How to Extract Table from a Specific Page Regions using Java API?

import technology.tabula.Rectangle;

public class RegionExtraction {
    public static void extractRegion(String pdfPath) throws IOException {
        File pdfFile = new File(pdfPath);
        PDDocument document = PDDocument.load(pdfFile);
        
        ObjectExtractor objectExtractor = new ObjectExtractor(document);
        Page page = objectExtractor.extract(1);
        
        // Define the region (x, y, width, height)
        // Coordinates are in points (72 points = 1 inch)
        Rectangle region = new Rectangle(50, 100, 500, 400);
        Page subPage = page.getArea(region);
        
        SpreadsheetExtractionAlgorithm extractor = new SpreadsheetExtractionAlgorithm();
        List<Table> tables = extractor.extract(subPage);
        
        // Process the extracted table
        for (Table table ; tables) {
            System.out.println("Extracted " + table.getRowCount() + " rows from region");
        }
        
        document.close();
    }
}

Converting Tables to CSV via Java API

A common use case is exporting extracted tables directly to CSV format for use in spreadsheet applications or databases. The CSVWriter class handles all the complexity of CSV formatting, including proper escaping of special characters and handling of multi-line cell content. This makes it trivial to integrate Tabula-Java into data processing pipelines that expect CSV input. Here's a Java code example that shows how to handle tables efficiently inside Java applications.

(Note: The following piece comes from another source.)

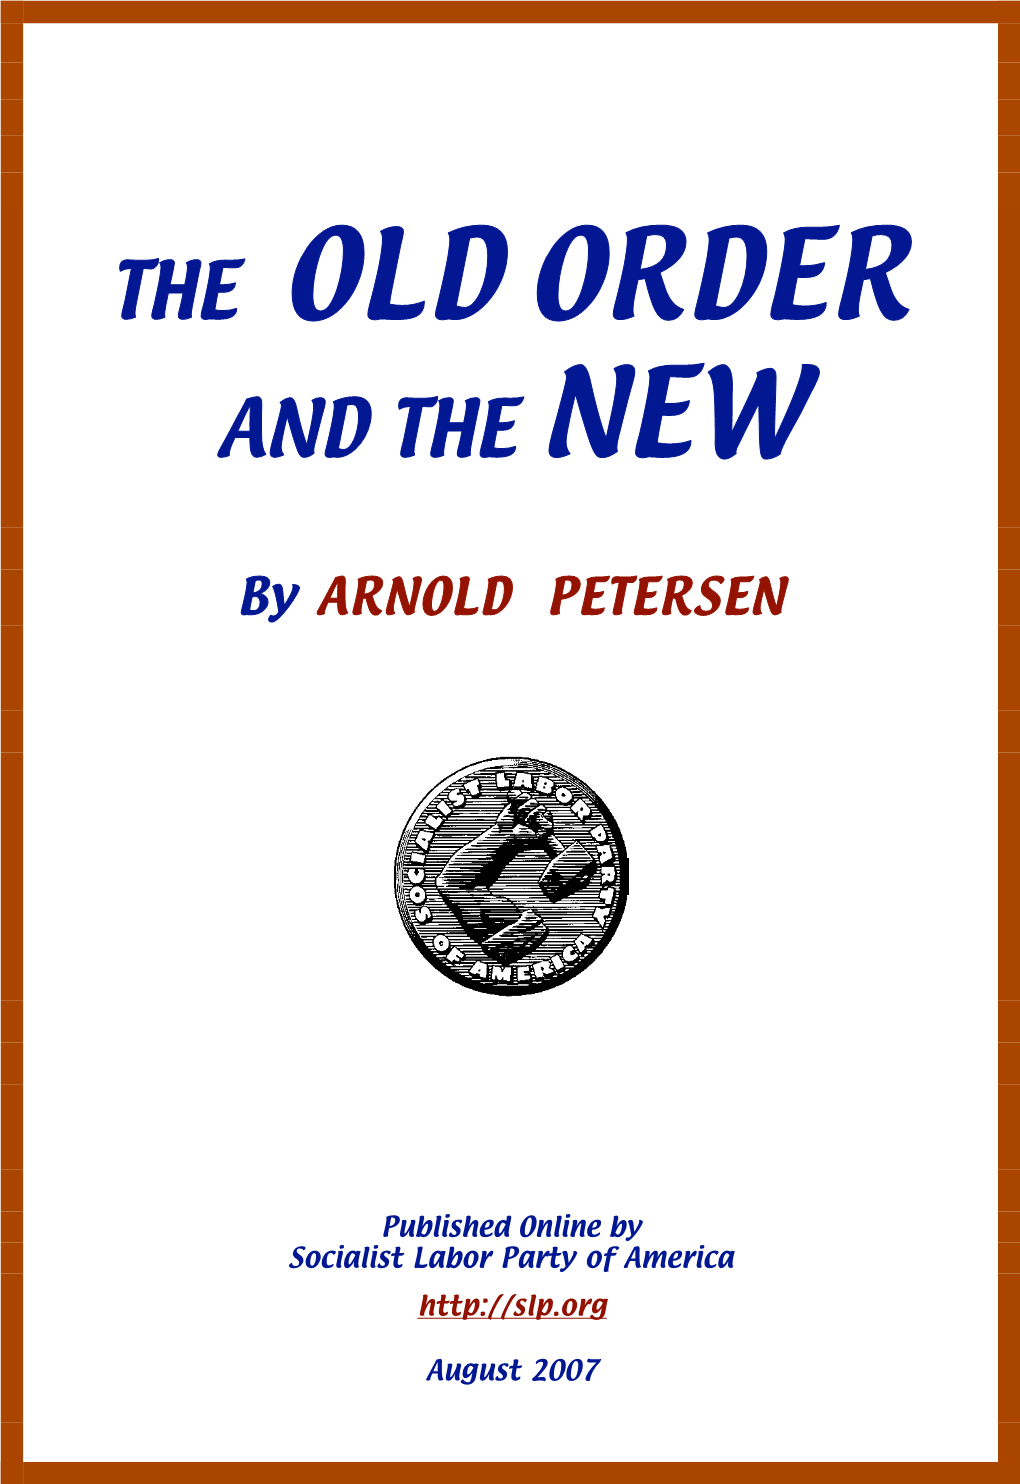 The Old Order and the New

How to Export Extracted Tables to CSV Format via Java API?

import technology.tabula.writers.CSVWriter;
import java.io.FileWriter;

public class CSVExtraction {
    public static void exportToCSV(String pdfPath, String csvPath) throws IOException {
        File pdfFile = new File(pdfPath);
        PDDocument document = PDDocument.load(pdfFile);
        
        SpreadsheetExtractionAlgorithm extractor = new SpreadsheetExtractionAlgorithm();
        ObjectExtractor objectExtractor = new ObjectExtractor(document);
        Page page = objectExtractor.extract(1);
        
        List<Table< tables = extractor.extract(page);
        
        // Write to CSV file
        if (!tables.isEmpty()) {
            Table table = tables.get(0);
            
            try (FileWriter writer = new FileWriter(csvPath)) {
                CSVWriter csvWriter = new CSVWriter();
                csvWriter.write(writer, table);
            }
        }
        
        document.close();
    }
}

Processing Multiple Pages via Java API

Many real-world PDFs contain tables spread across multiple pages. The library has included support for processing multiple pages at the same time and allows developers to iterates through all pages in the document, extracting and reporting on tables found. The page numbering starts at 1 (not 0), which matches how humans typically reference page numbers.